(Beginning of Dataset records)
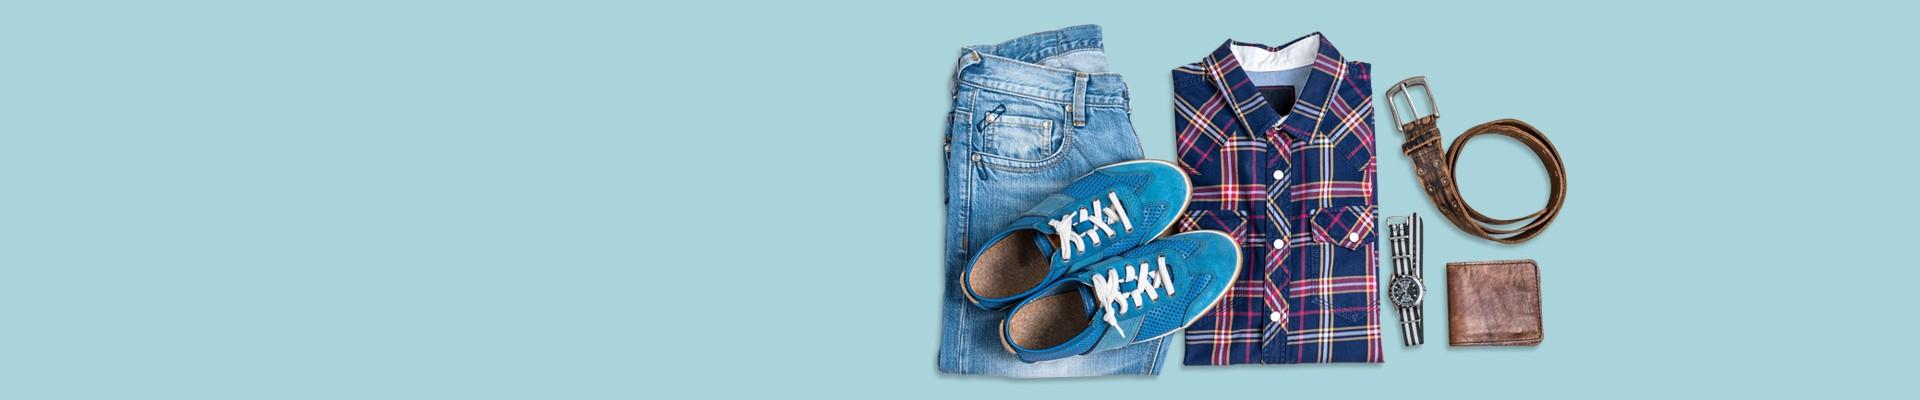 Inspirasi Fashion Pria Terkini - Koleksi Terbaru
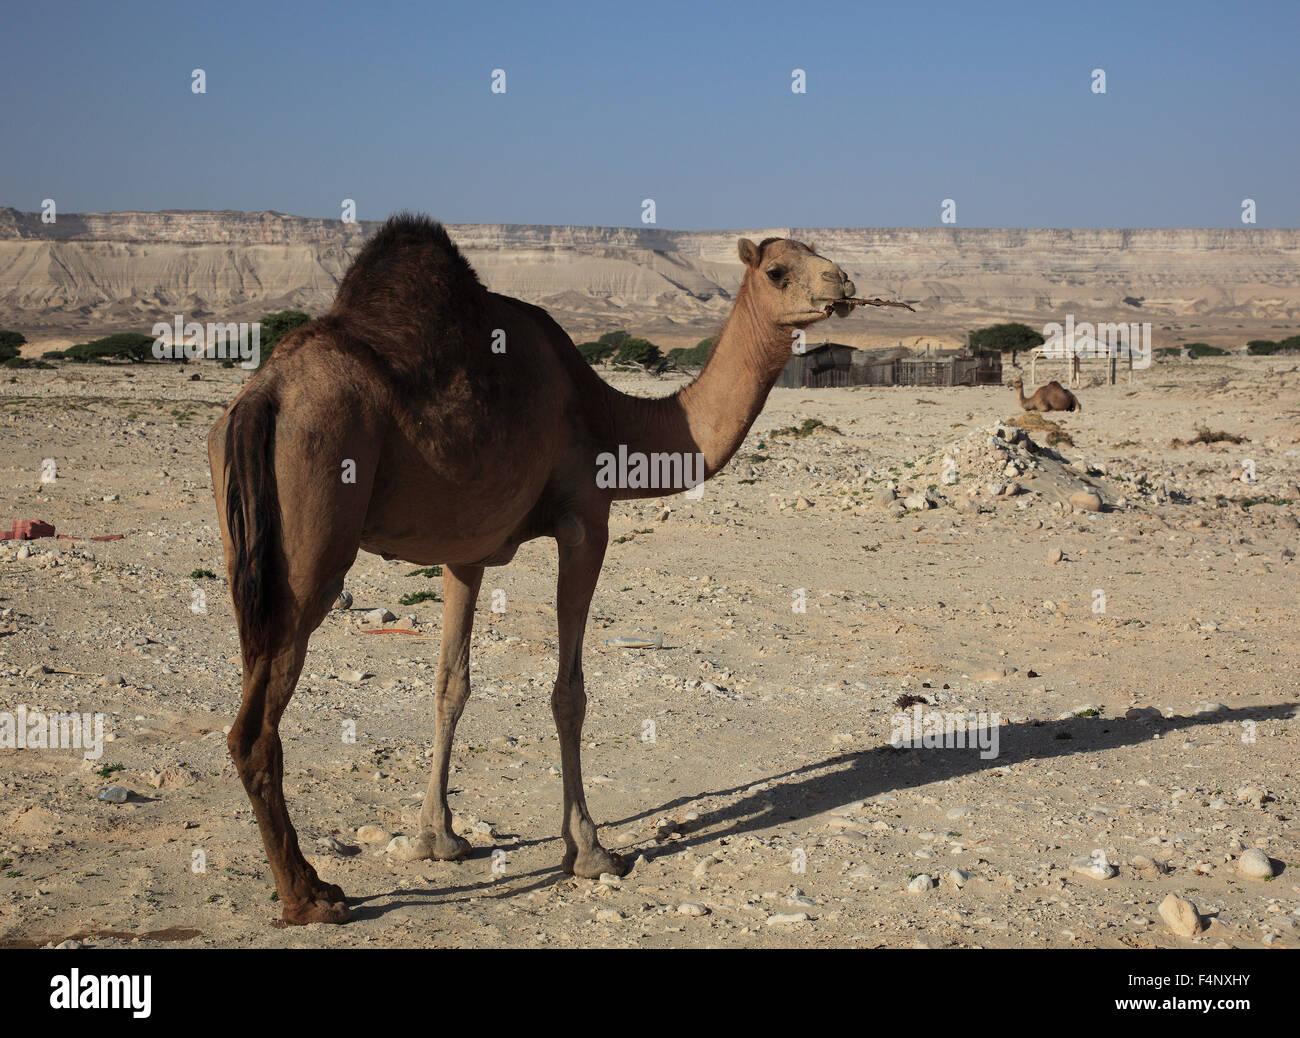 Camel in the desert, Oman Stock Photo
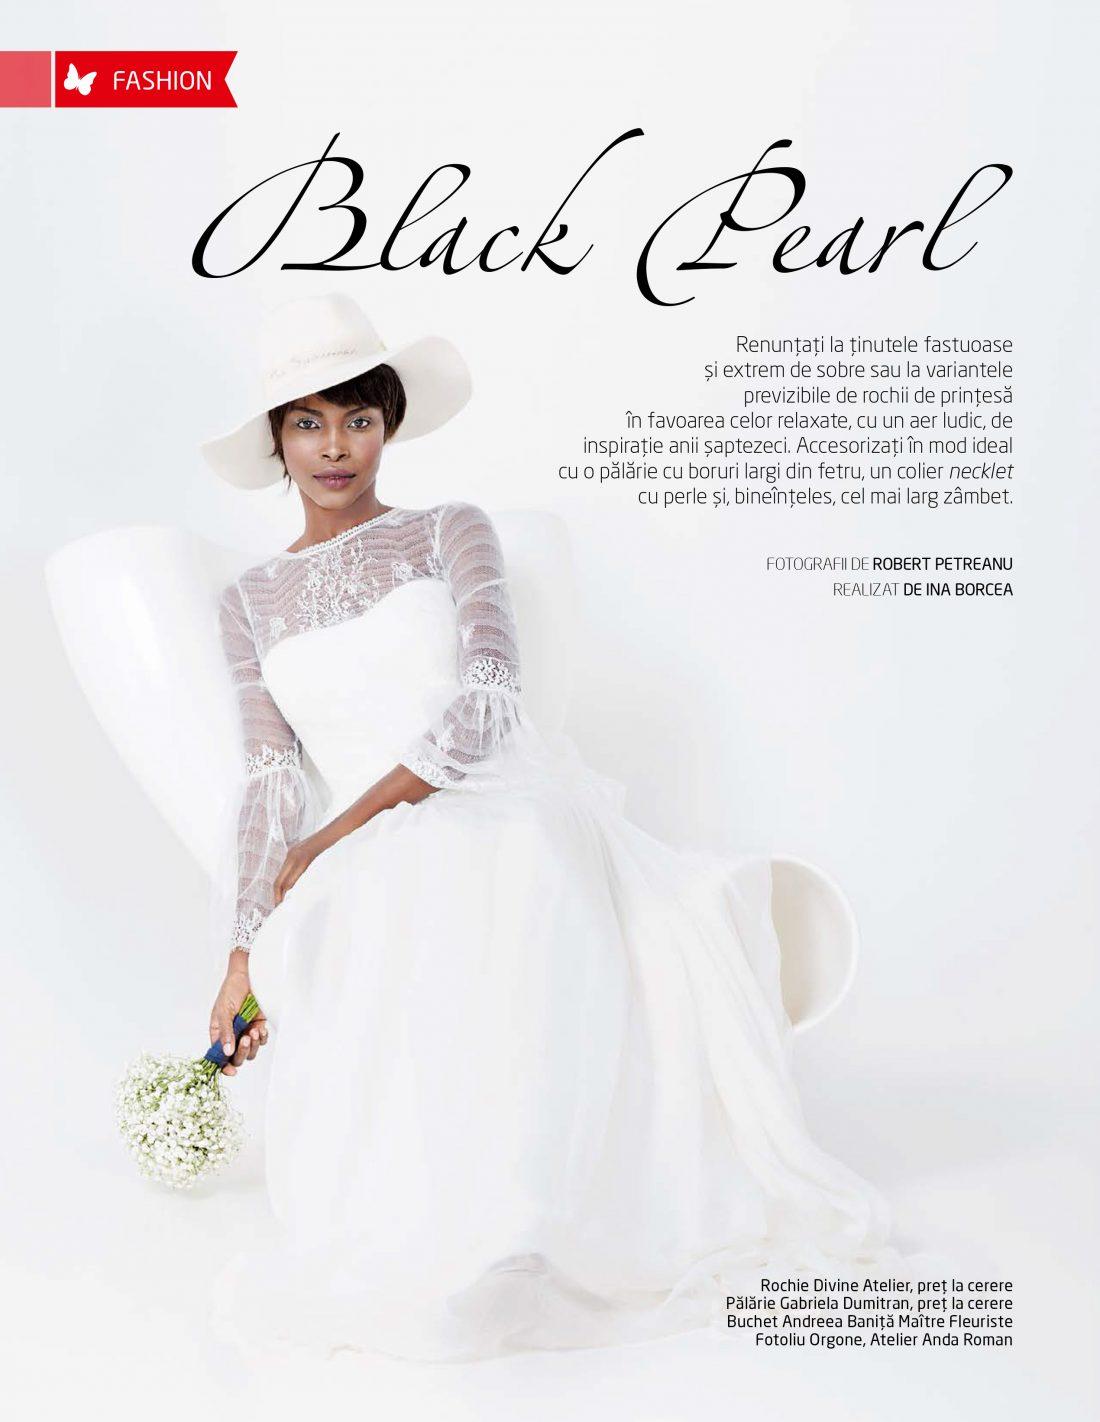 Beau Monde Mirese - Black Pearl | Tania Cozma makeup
(End of Dataset records)
(Beginning of Dataset records)
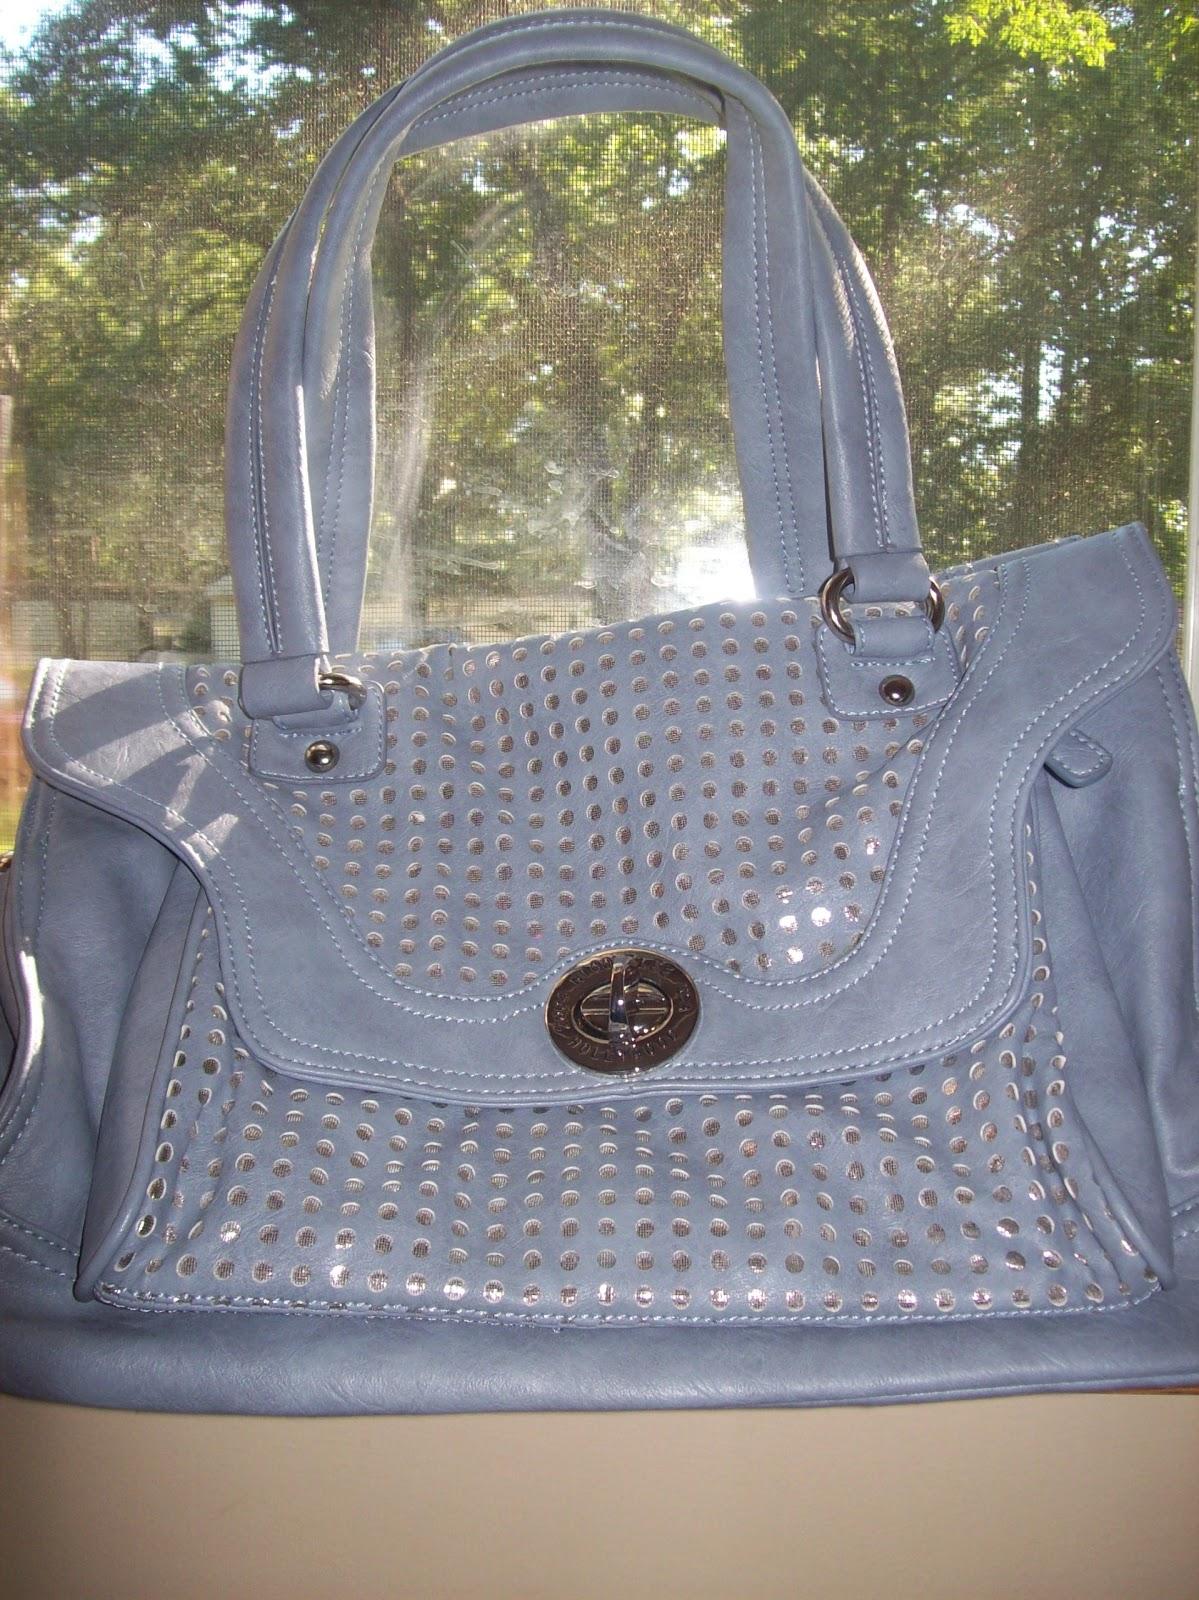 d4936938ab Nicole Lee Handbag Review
(End of Dataset records)
(Beginning of Dataset records)
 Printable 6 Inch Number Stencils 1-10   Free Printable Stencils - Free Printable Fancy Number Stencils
(End of Dataset records)
■ **Exercise description**
Output exactly the lines above, beginning at the one with "Inspirasi Fashion Pria" and stopping after the one with "Beau Monde Mirese". Pictures are to be omitted.

■ **Task answer**
 Inspirasi Fashion Pria Terkini - Koleksi Terbaru
 Camel in the desert, Oman Stock Photo
 Beau Monde Mirese - Black Pearl | Tania Cozma makeup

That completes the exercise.